═══ DATA EXTRACT ═══

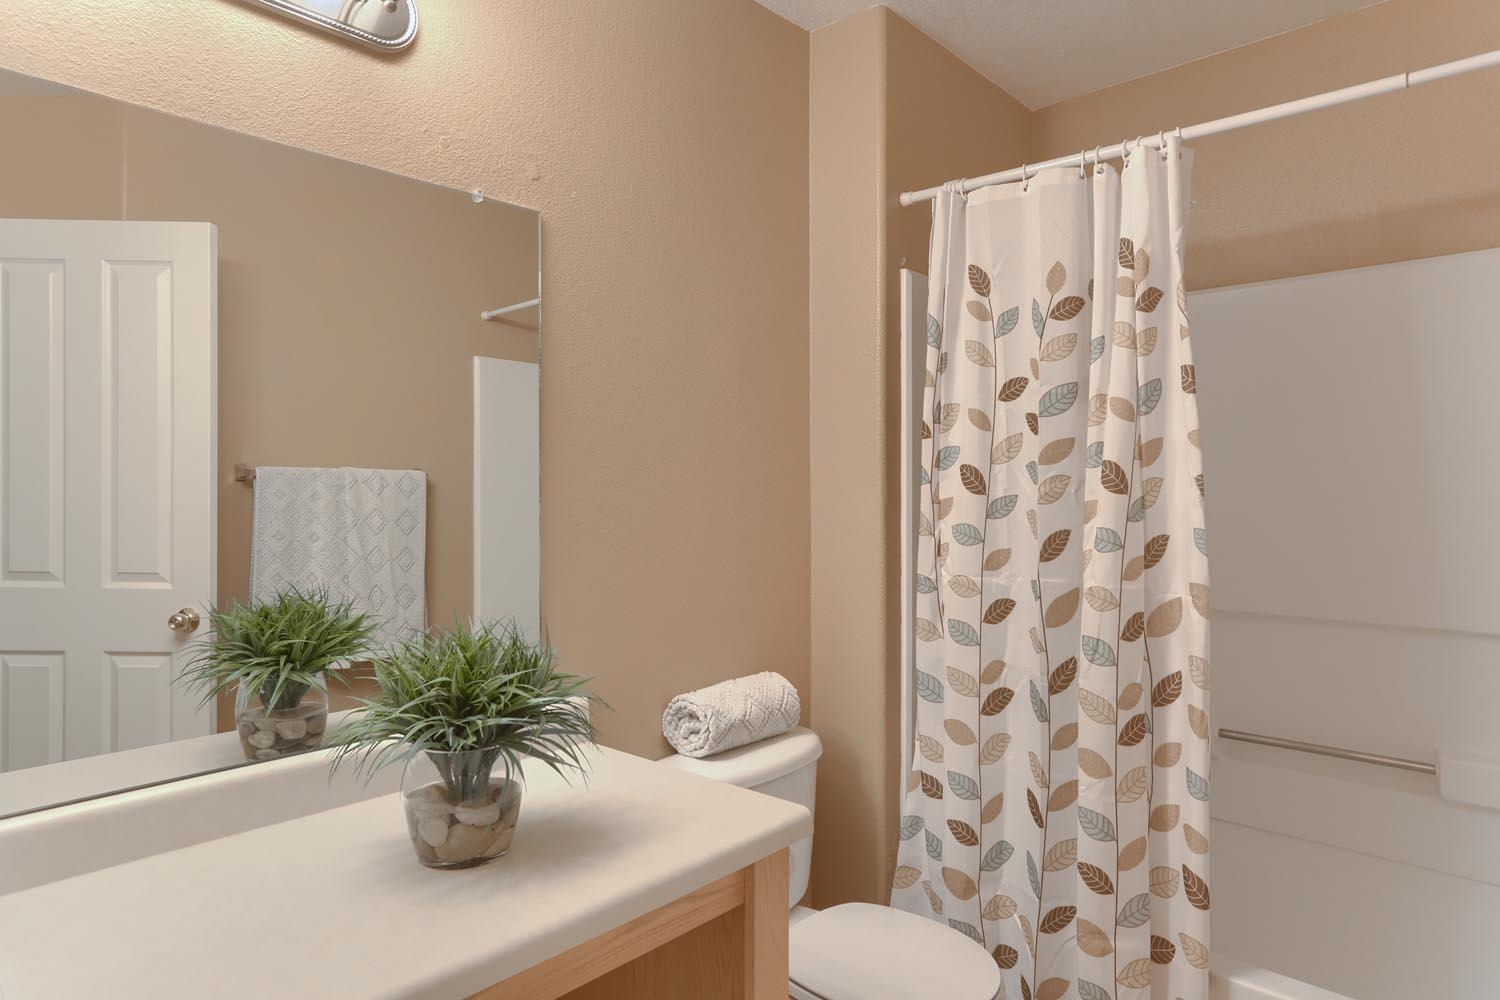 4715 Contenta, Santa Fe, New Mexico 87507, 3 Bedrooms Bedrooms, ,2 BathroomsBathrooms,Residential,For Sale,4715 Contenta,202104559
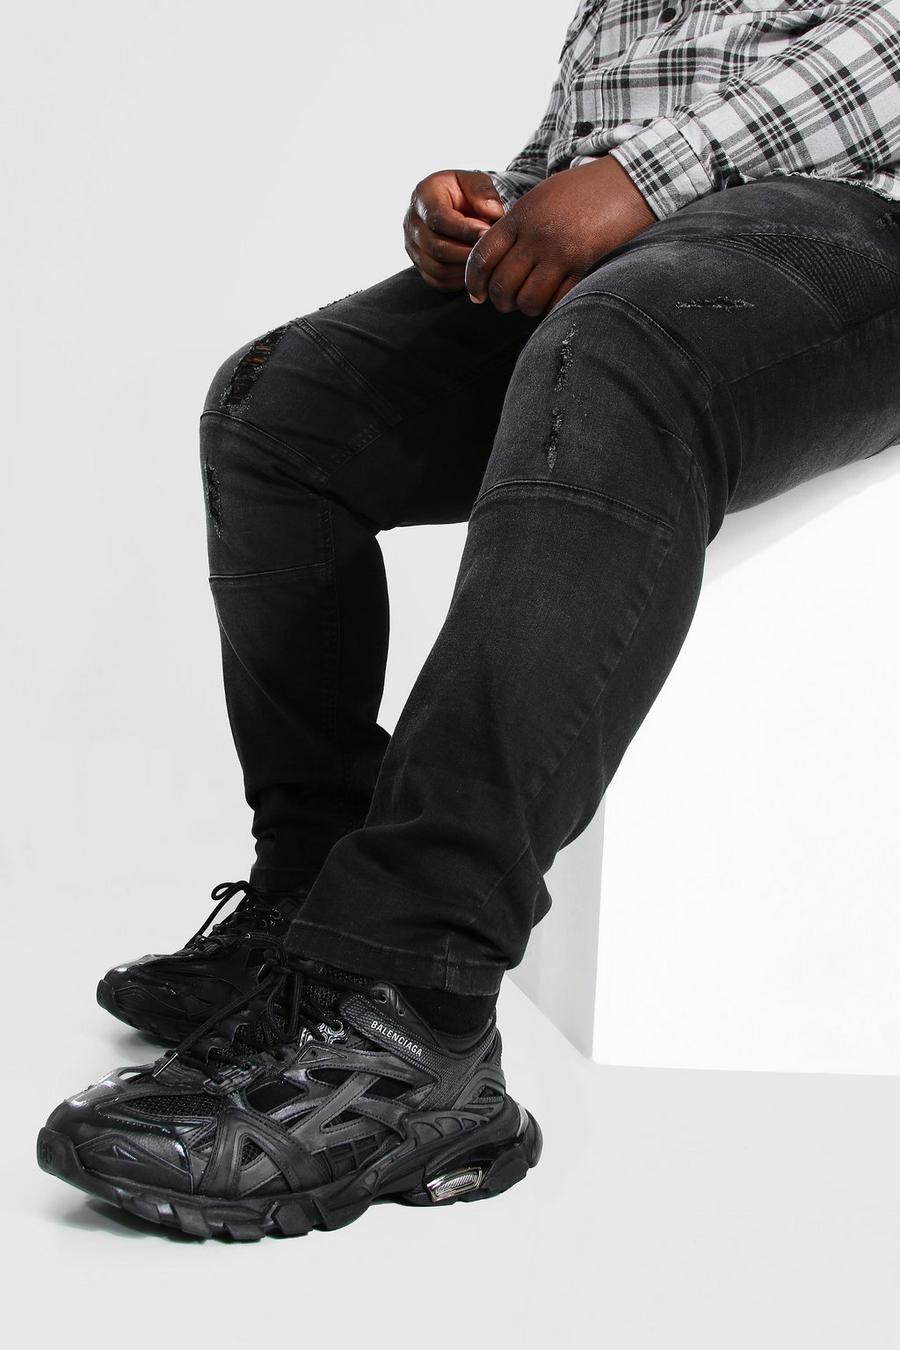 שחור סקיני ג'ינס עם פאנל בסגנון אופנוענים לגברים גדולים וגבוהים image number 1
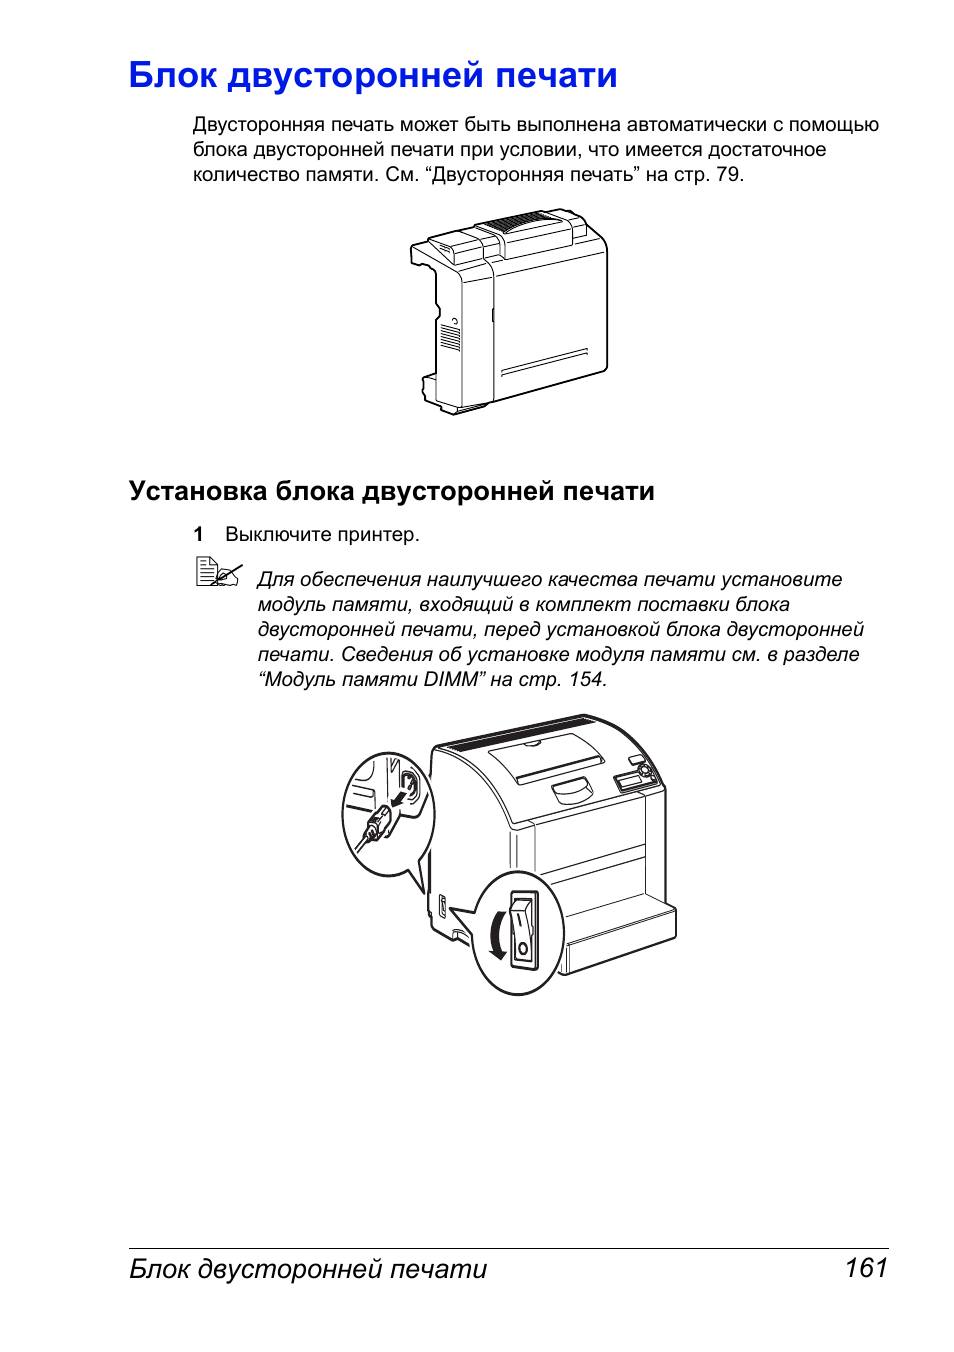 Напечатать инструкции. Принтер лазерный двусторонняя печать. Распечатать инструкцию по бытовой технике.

═══

### PROBLEM
Could you return the whole listing exactly, with every picture removed?

### ANSWER TO THE EXERCISE
 4715 Contenta, Santa Fe, New Mexico 87507, 3 Bedrooms Bedrooms, ,2 BathroomsBathrooms,Residential,For Sale,4715 Contenta,202104559
 שחור סקיני ג'ינס עם פאנל בסגנון אופנוענים לגברים גדולים וגבוהים image number 1
 Напечатать инструкции. Принтер лазерный двусторонняя печать. Распечатать инструкцию по бытовой технике.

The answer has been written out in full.